Donald I. Templer and David M. Veleber
Clinical Neuropsychology (1982) 4(2): 62-66

Literature relevant to the question of whether ECT permanently injures the brain was reviewed. Similar histological findings of epileptics and patients who had received ECT were discussed. Experimental research with animals seems to have demonstrated both reversible and nonreversible pathology. Psychological test findings, even when attempting to control for possible pre-ECT differences, seem to suggest some permanent cognitive deficit. Reports of spontaneous seizures long after ECT would appear to point to permanent brain changes. Human brain autopsies sometimes indicate and sometimes do not indicate lasting effects. It was concluded that vast individual differences are salient, that massive damage in the typical ECT patient is unlikely, and that irreversible changes probably do occur in some patients.

This review centers around five areas germane to the question of whether electroconvulsive therapy (ECT) causes permanent brain pathology. Relatively indirect evidence is provided by two of these areas, the brain condition of epileptics and the examination of animal brains after experimental ECT. The other three areas are psychological testing findings with history of many ECTs, spontaneous seizures, and autopsy findings. The review does not concern the extensive literature that shows that ECT temporarily impairs cognitive functioning. Such literature eventually shows impairment beginning with the first ECT and becoming progressively worse with succeeding treatments. Improvement occurs following the course of ECT, sometimes with the tested functioning actually being higher than the pretreatment level, which is presumed to have been impaired by psychopathology such as thought disorder and depression. Reviews of this literature can be found elsewhere (American Psychiatric Association, 1978; Campbell, 1961; Dornbush, 1972; Dornbush and Williams, 1974; Harper and Wiens, 1975), as can reviews indicating that the unilateral ECT (applied to the right side) in increasing usage in recent years causes less impairment than bilateral ECT (American Psychiatric Association, 1978; d'Elia, 1974; Hurwitz, 1974; Zamora and Kaelbing, 1965). This literature is really not very relevant to the central issue of our review. It has never been disputed that cognitive impairment occurs after ECT. Even the most fervent and excathedra defenders acknowledge that "temporary" impairment occurs. It is the issue of permanency that has been controversial.

THE BRAINS OF EPILEPTICS

It would seem that if an epileptic grand mal seizure produces permanent brain changes, then an electrically induced convulsion should also do so. In fact, inspecting the evidence with respect to epileptics may provide us with a conservative perspective in regard to ECT since the latter could produce damage from the externally applied electrical current as well as from the seizure. Experimental research with animals has shown that the electric shocks (not to the head) produce more deleterious effects in the central nervous system than any other locality or system of the body. More pertinent are the studies of Small (1974) and of Laurell (1970) that found less memory impairment after inhalant induced convulsions than ECT. And, Levy, Serota and Grinker (1942) reported less EEG abnormality and intellectual impairment with pharmacologically induced convulsions. Further argument provided by Friedberg (1977) is the case (Larsen and Vraa-Jensen, l953) of a man who had been given four ECTs, but did not convulse. When he died three days later, a subarachnoid hemorrhage was found in the upper part of the left motor region at the site where an electrode had been applied.
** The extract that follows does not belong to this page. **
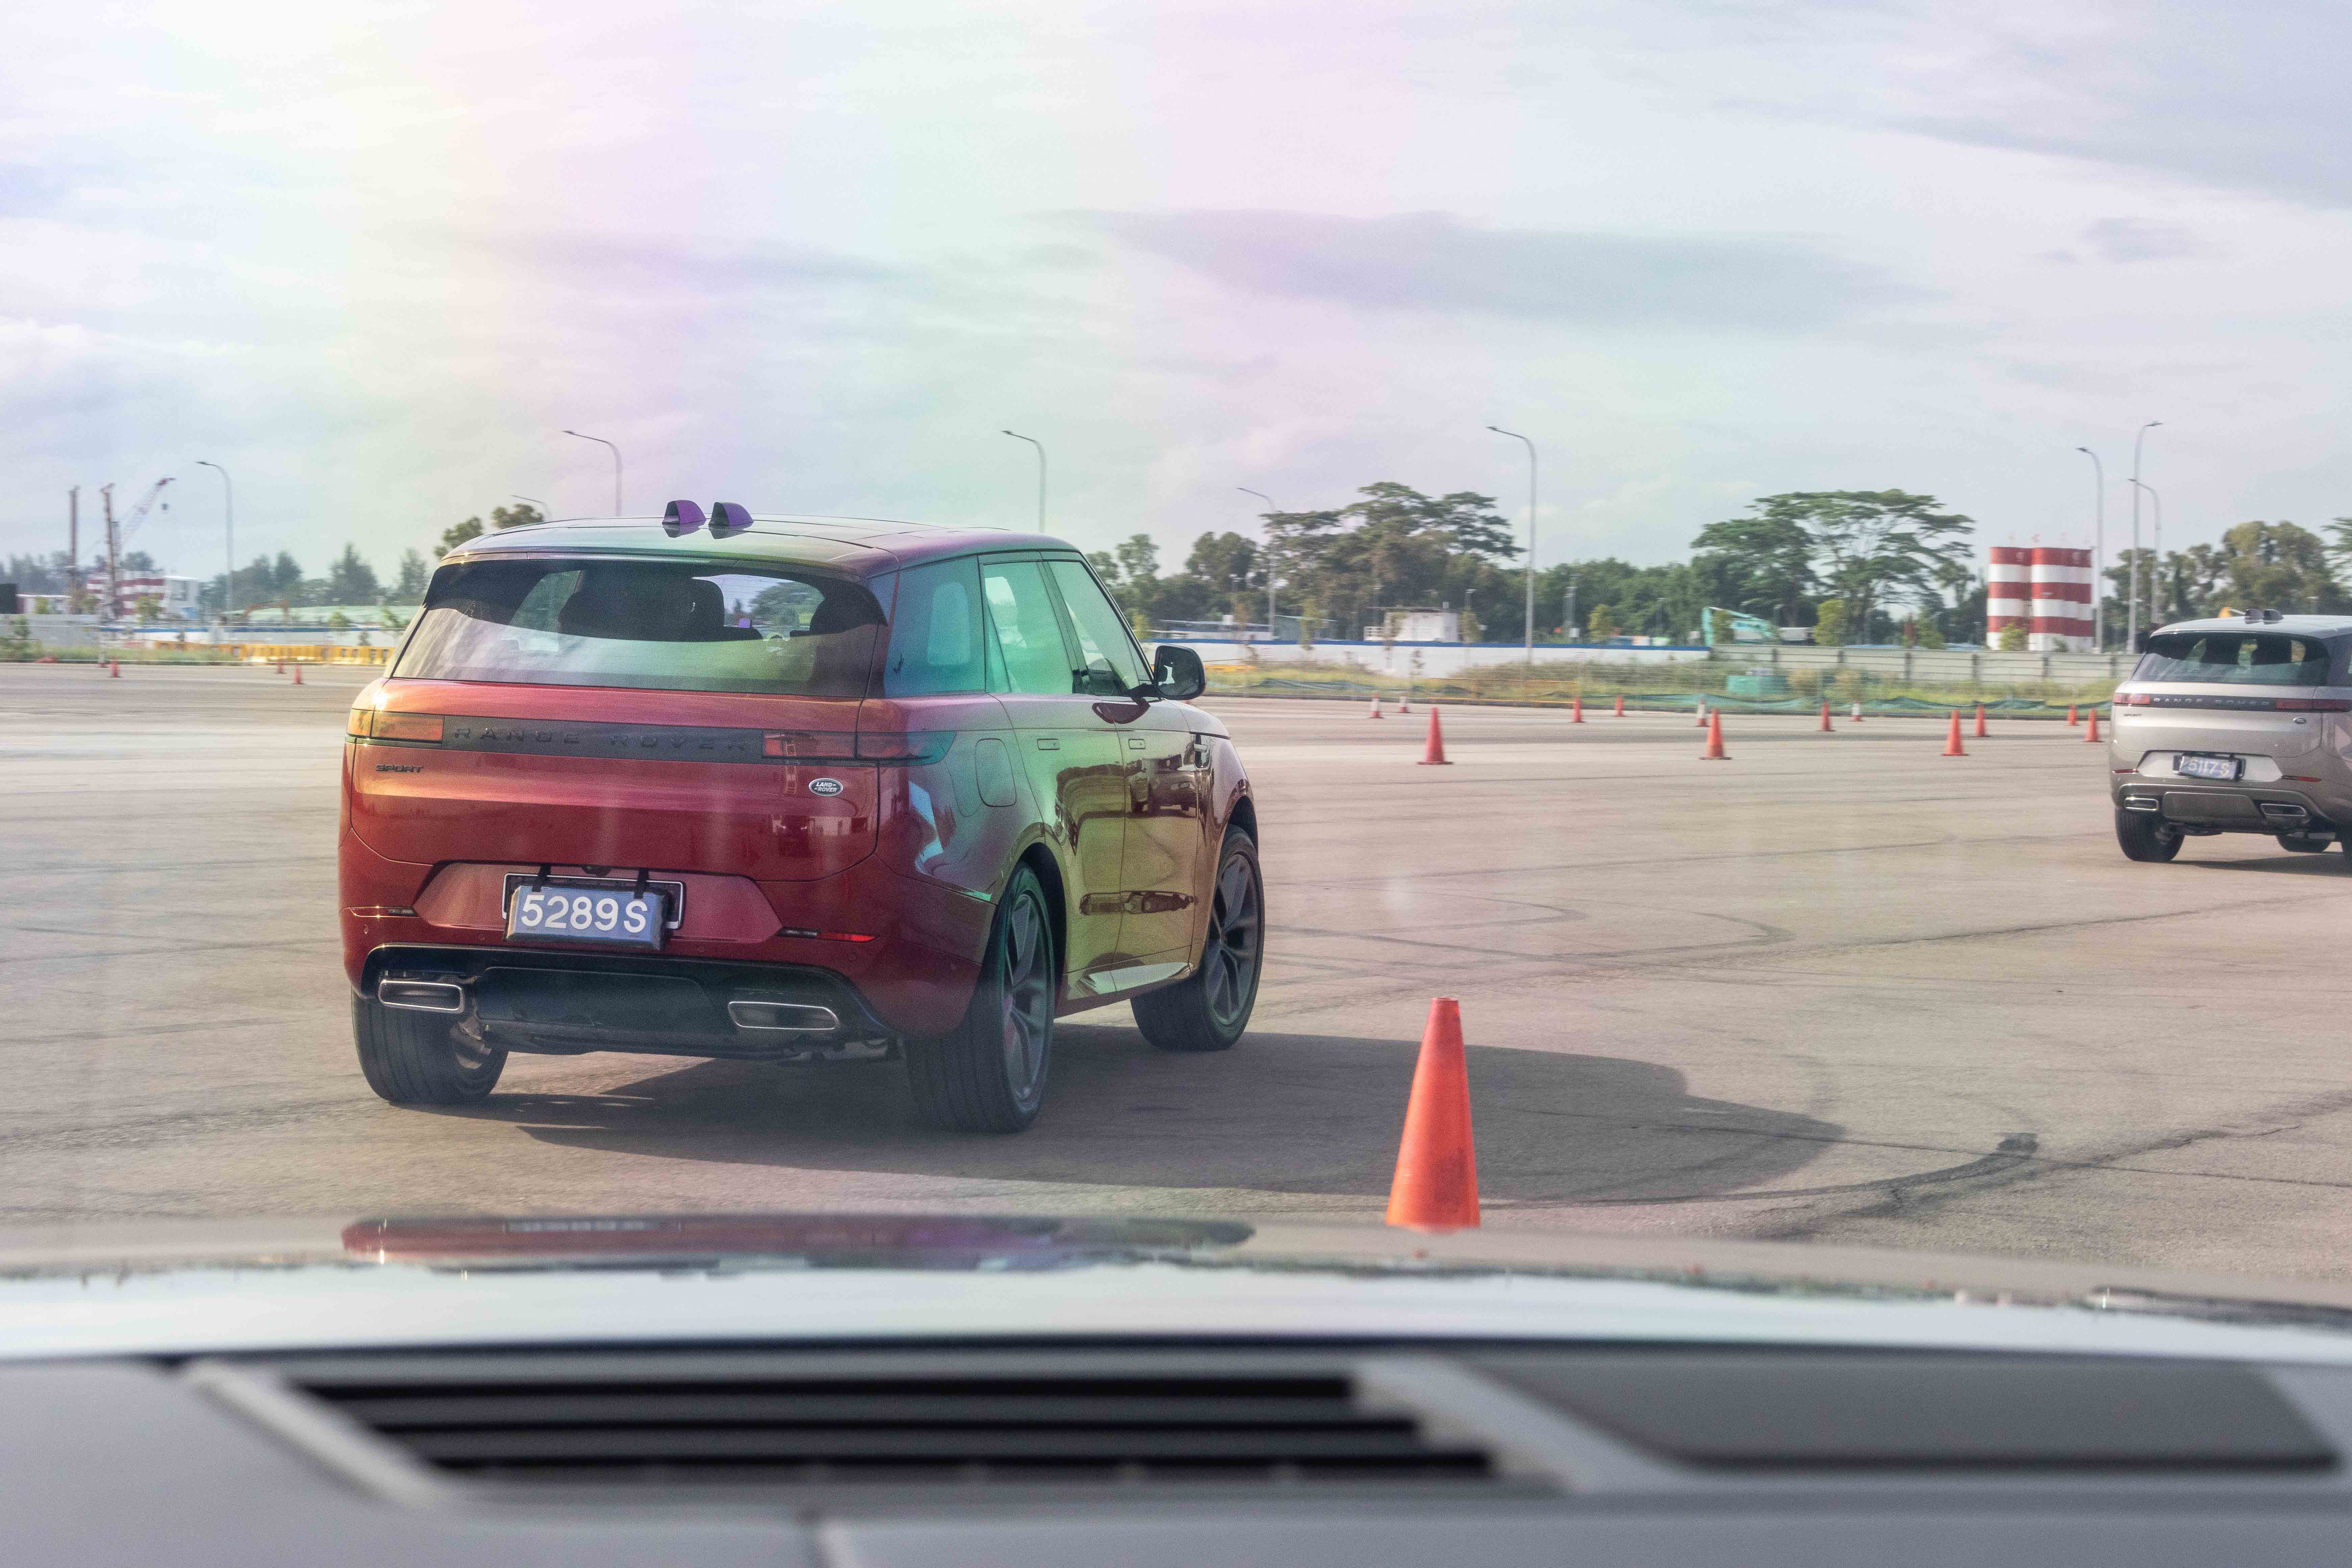 Range Rover Sport driving impressions Singapore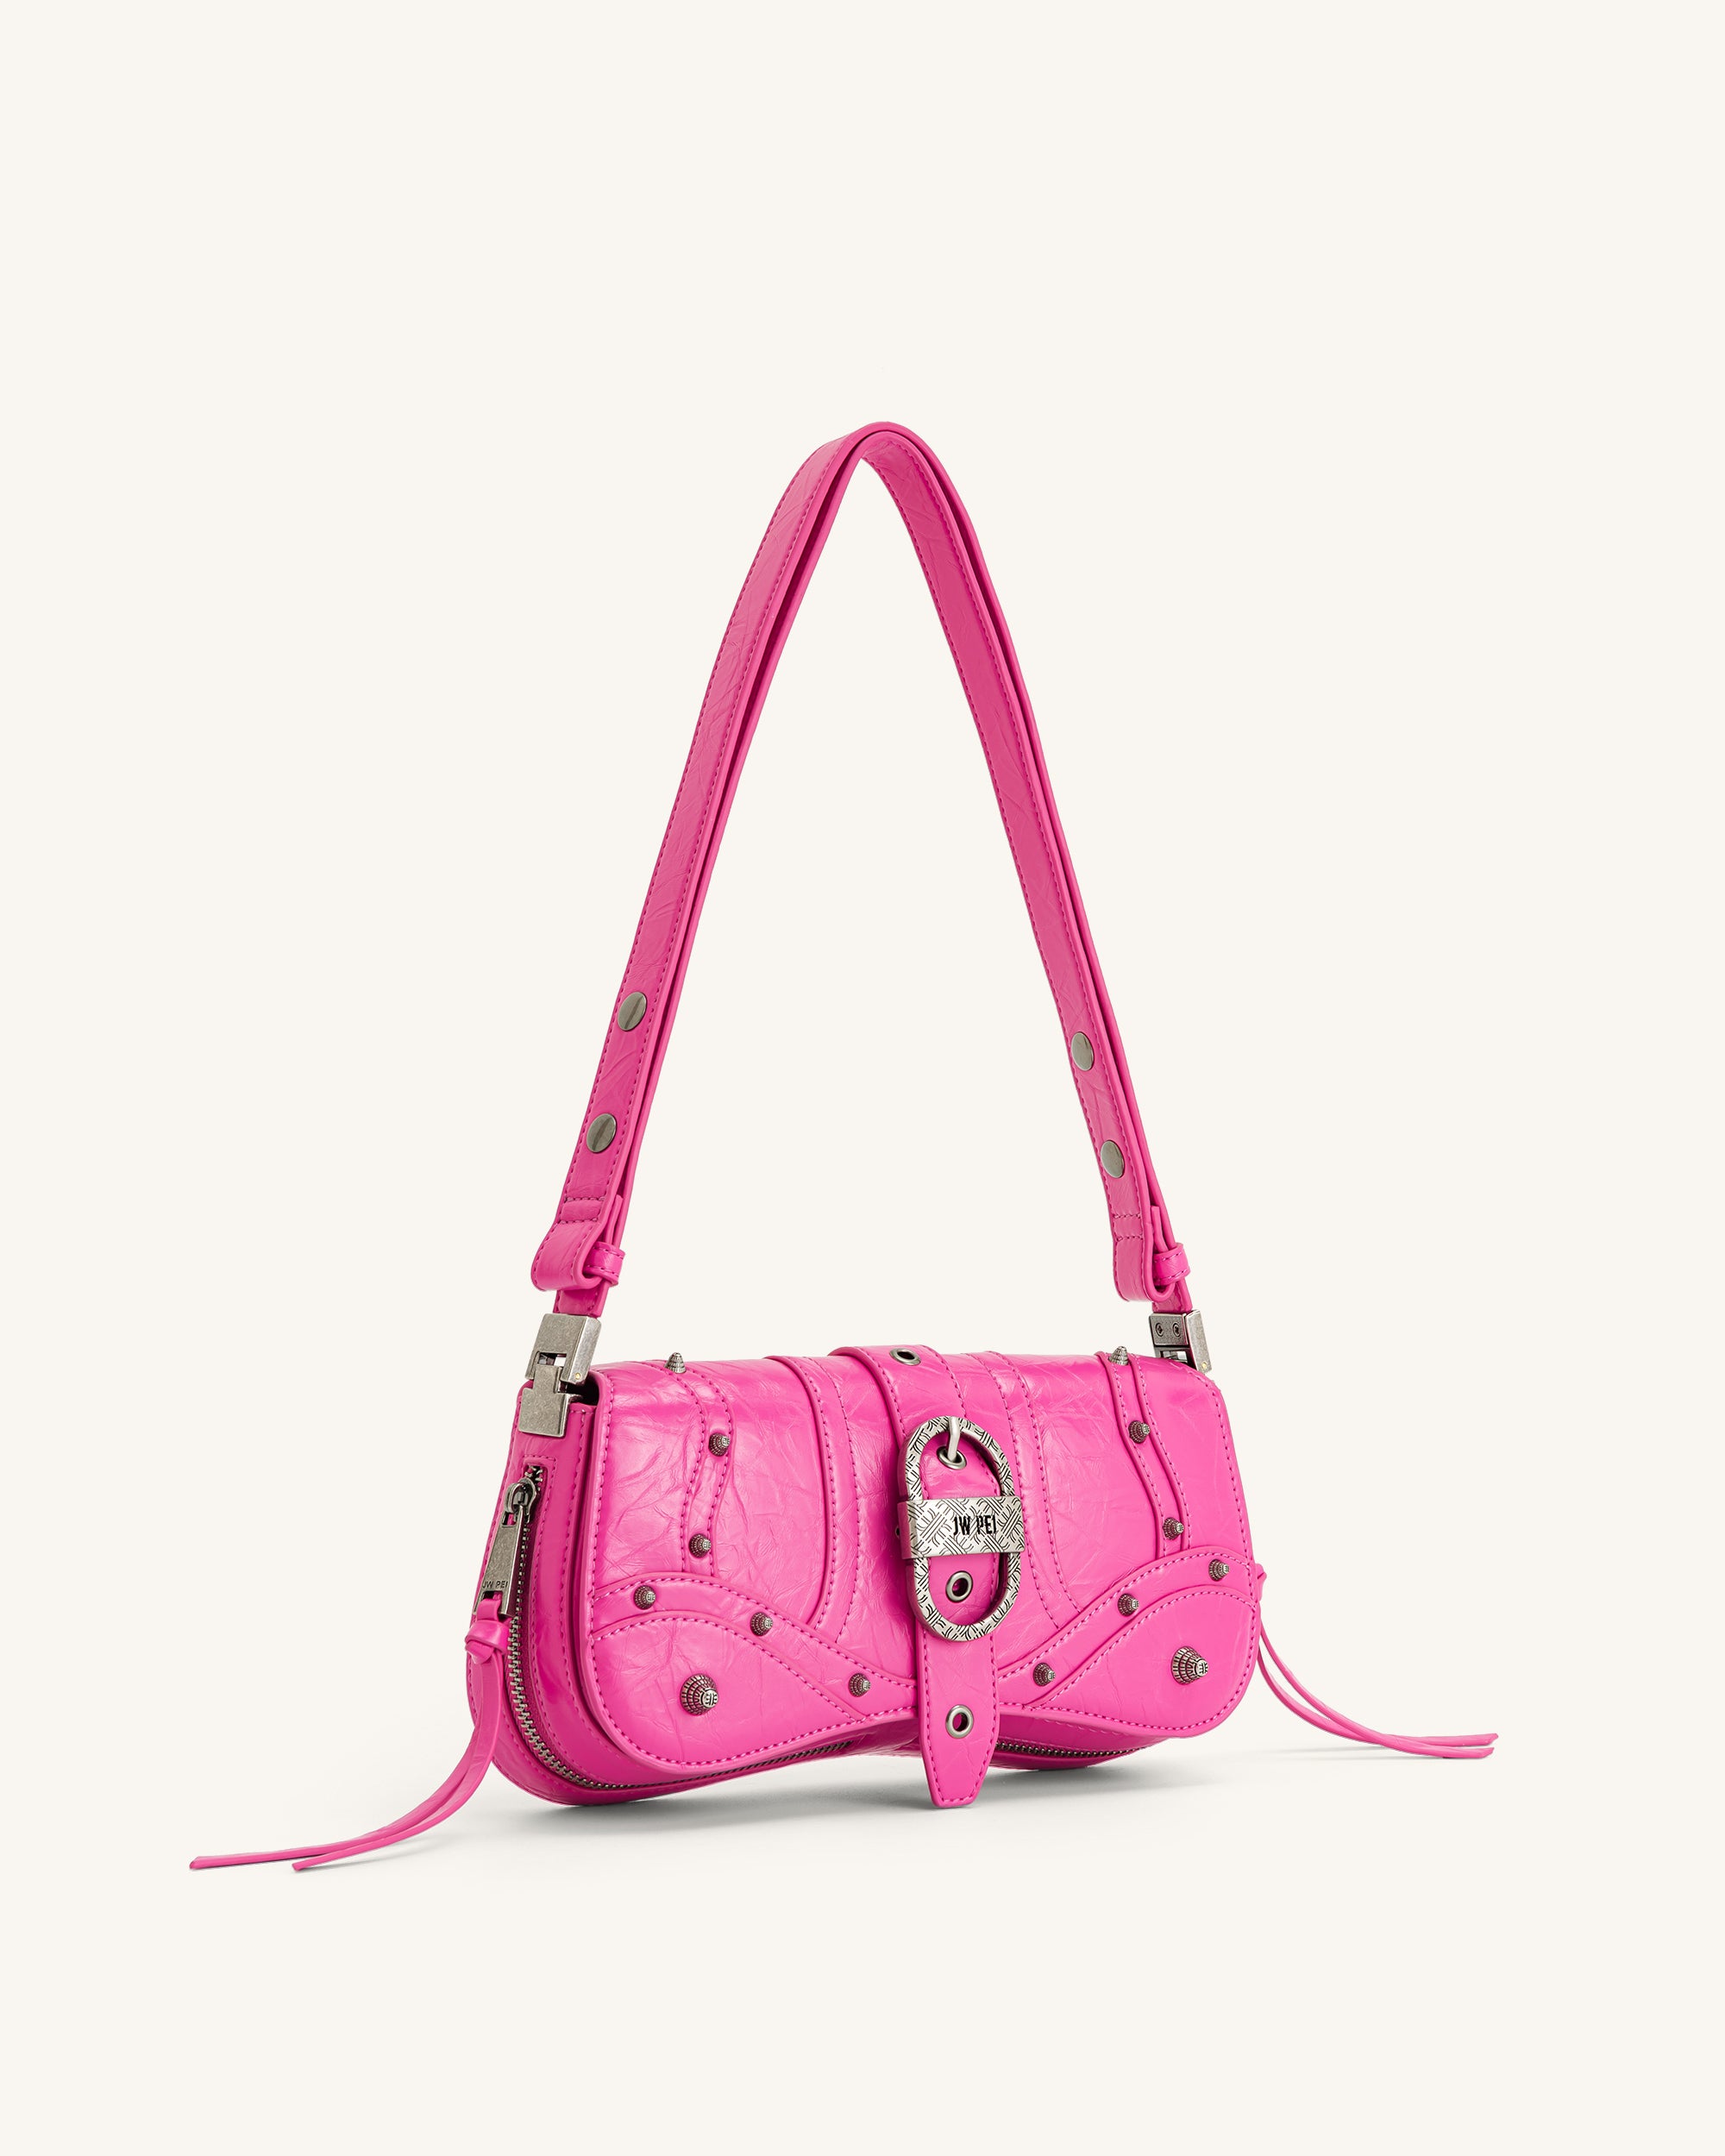 JW PEI Joy Faux Leather Shoulder Bag in Pink

A number of post-mortem reports on epileptics, as reviewed by Meldrum, Horton, and Brierley (1974) have indicated neuronal loss and gliosis, especially in the hippocampus and temporal lobe. However, as Meldrum et al. pointed out, on the basis of these post-mortem reports, one does not know whether the damage was caused by the seizures or whether both were caused by a third factor intrinsic to the epilepsy. To clarify this issue, Meldrum et al. pharmacologically induced seizures in baboons and found cell changes that corresponded to those in human epileptics.

Gastaut and Gastaut (1976) demonstrated through brain scans that in seven of 20 cases status epilepticus produced brain atrophy. They reasoned that "Since the edema and the atrophy were unilateral or bilateral and related to the localization of the convulsions (unilateral or bilateral chronic seizures), the conclusion can be drawn that the atrophic process depends upon the epileptic process and not on the cause of the status."

A common finding in epileptics and ECT patients is noteworthy. Norman (1964) stated that it is not uncommon to find at autopsy both old and recent lesions in the brains of epileptics. Alpers and Hughes (1942) reported old and recent brain lesions associated with different series of ECT.